Glossary

Cement

RDF, SRF and TDF

Also known as refuse-derived fuel, solid recovered fuel, tyre-derived fuel, RDF, SRF, TDF.

RDF, SRF and TDF are the three dominant waste-derived alternative fuels used in cement kilns, waste-to-energy plants and industrial boilers.

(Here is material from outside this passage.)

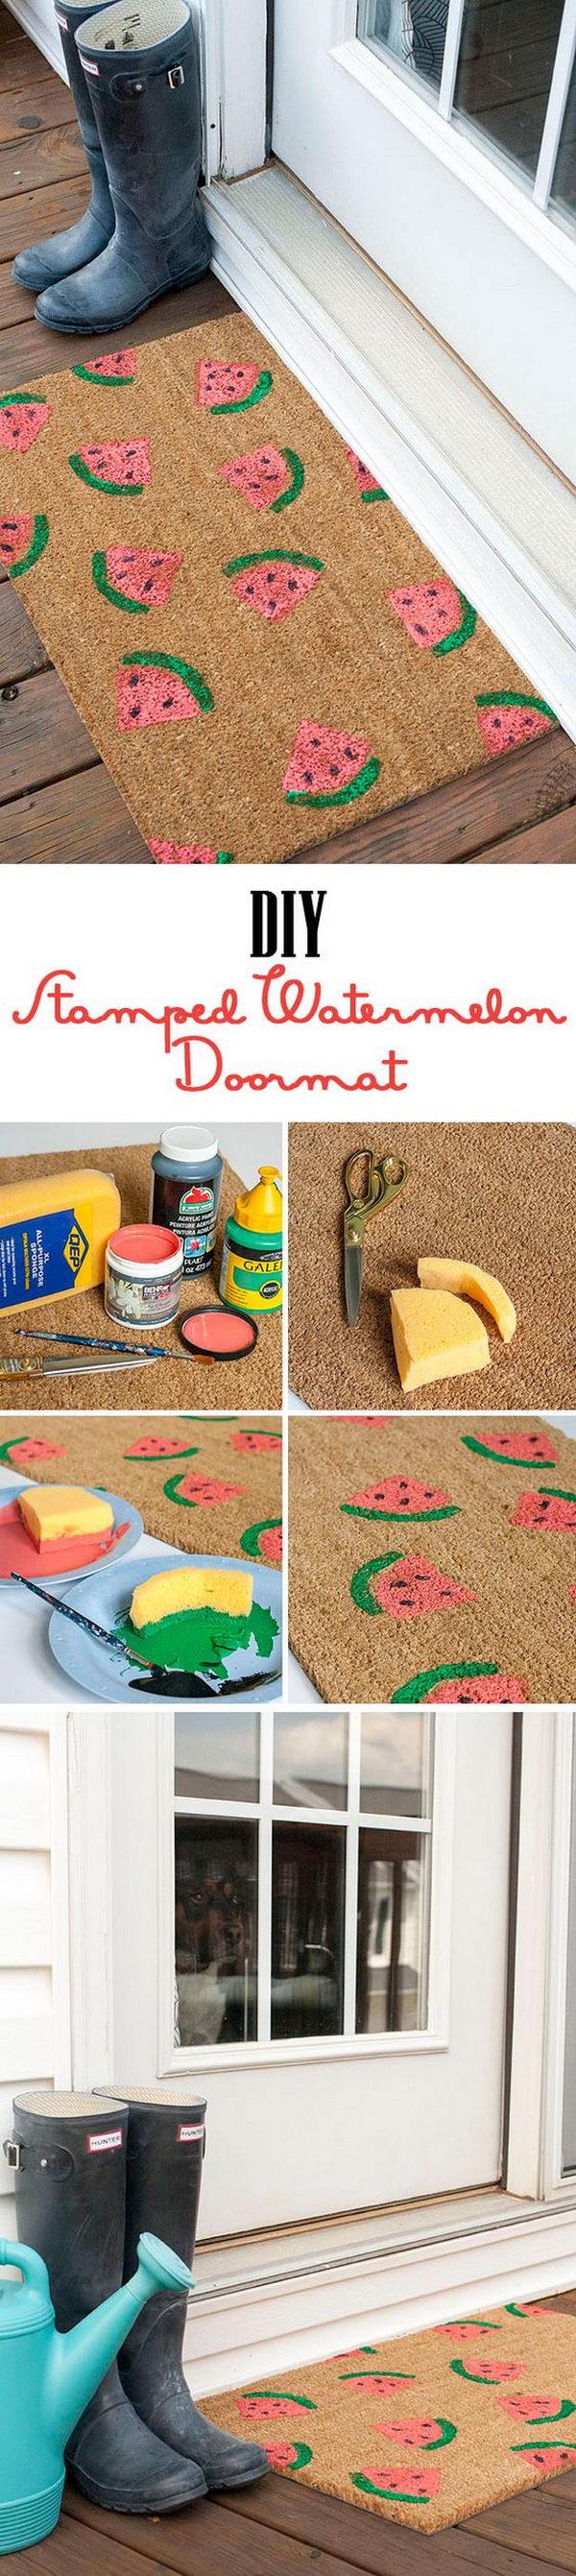 DIY Stamped Watermelon Doormat.
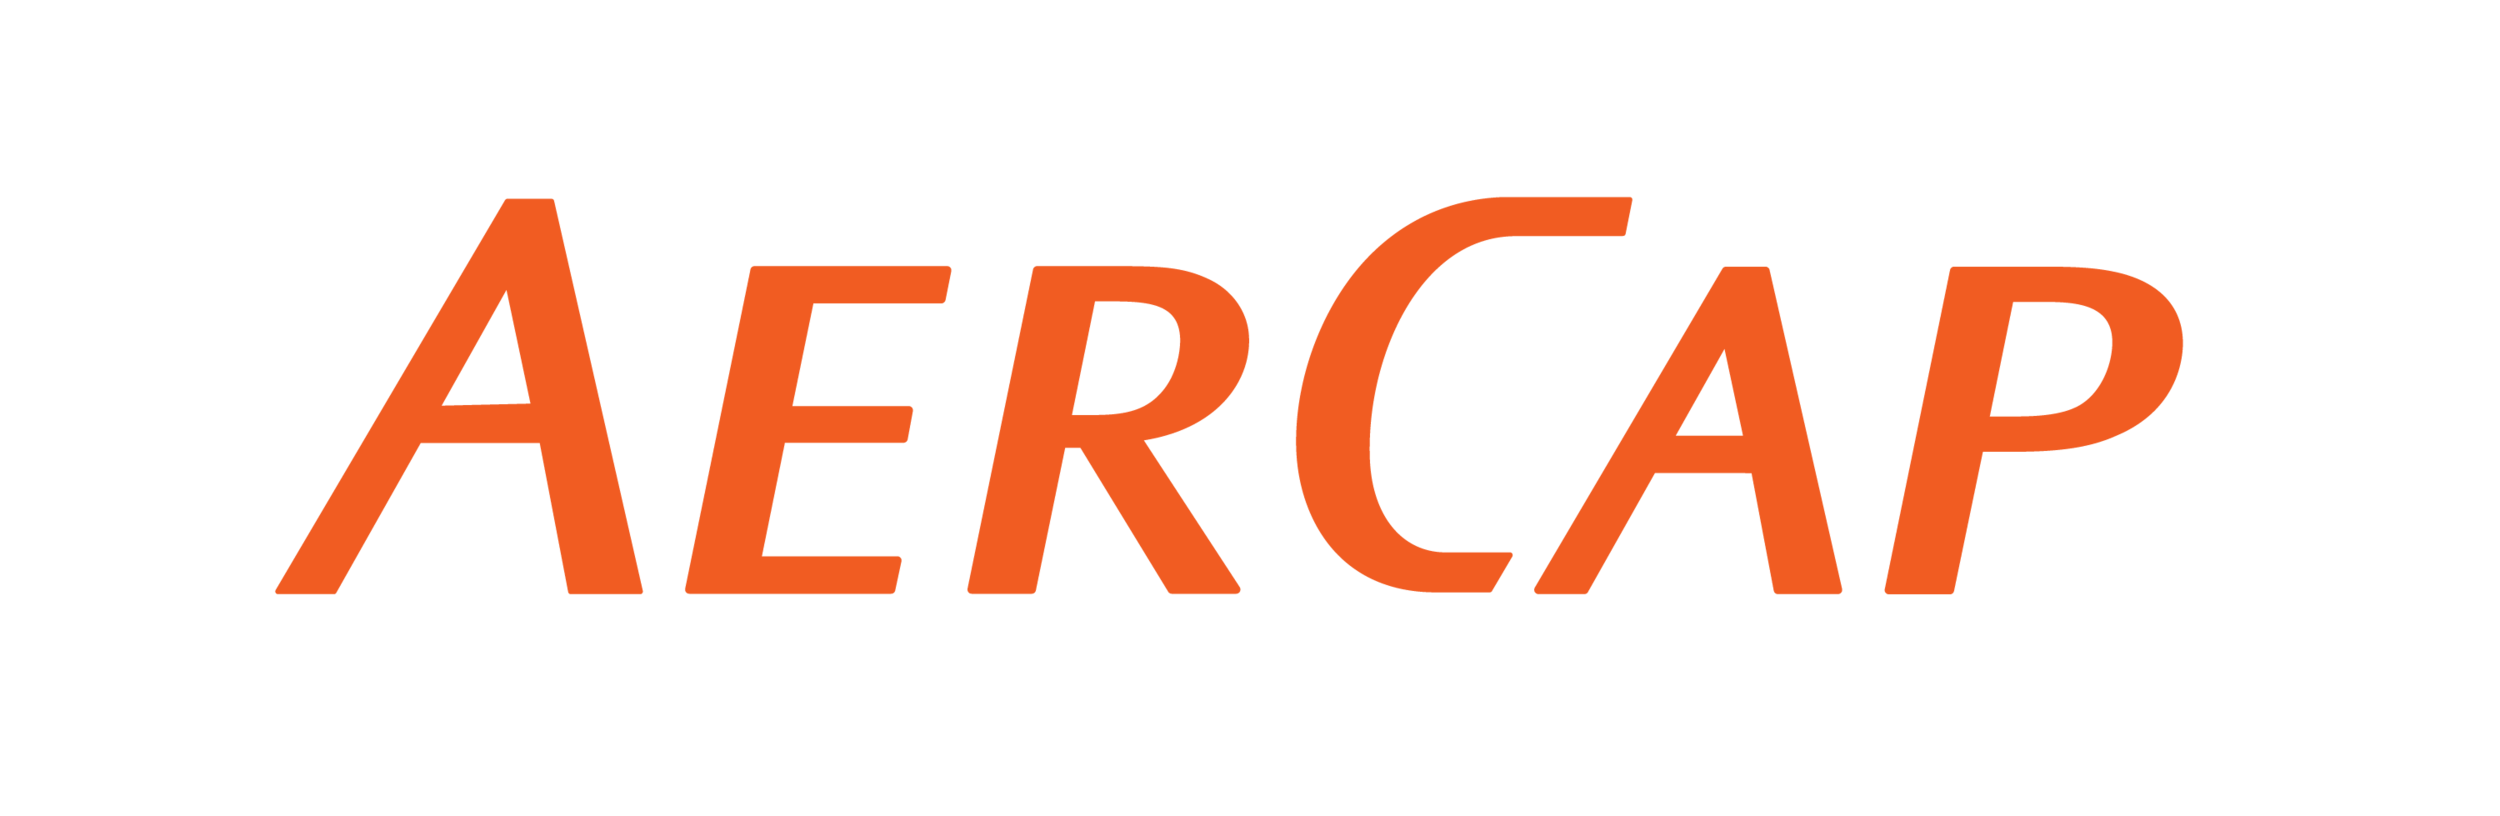 aercap-logo-transparent-background.png

FuelSourceSpecificationCalorific value
RDF (Refuse-Derived Fuel)Municipal solid waste, lightly processedLoose, no formal CEN/TS specification12–18 MJ/kg
SRF (Solid Recovered Fuel)MSW + commercial waste, processed to CEN/TS 15359 specDefined particle size, ash content, calorific value, Cl, Hg15–20 MJ/kg
TDF (Tyre-Derived Fuel)End-of-life tyres, shreddedShred-size grade or whole-tyre28–35 MJ/kg

Trade-offs

  • RDF: cheap, high availability, variable composition; high chlorine swings
  • SRF: more consistent and predictable than RDF; commands premium gate fees
  • TDF: very high calorific value, supplies iron and sulphur to clinker chemistry; rubber-handling logistics

Fouling implications

All three add chlorine, sulphur and alkali metals beyond what fossil coal contributes. The chloride loading from chlorinated plastics in RDF / SRF is the dominant driver of chloride-bypass sizing. TDF adds zinc and iron oxides that can affect clinker chemistry.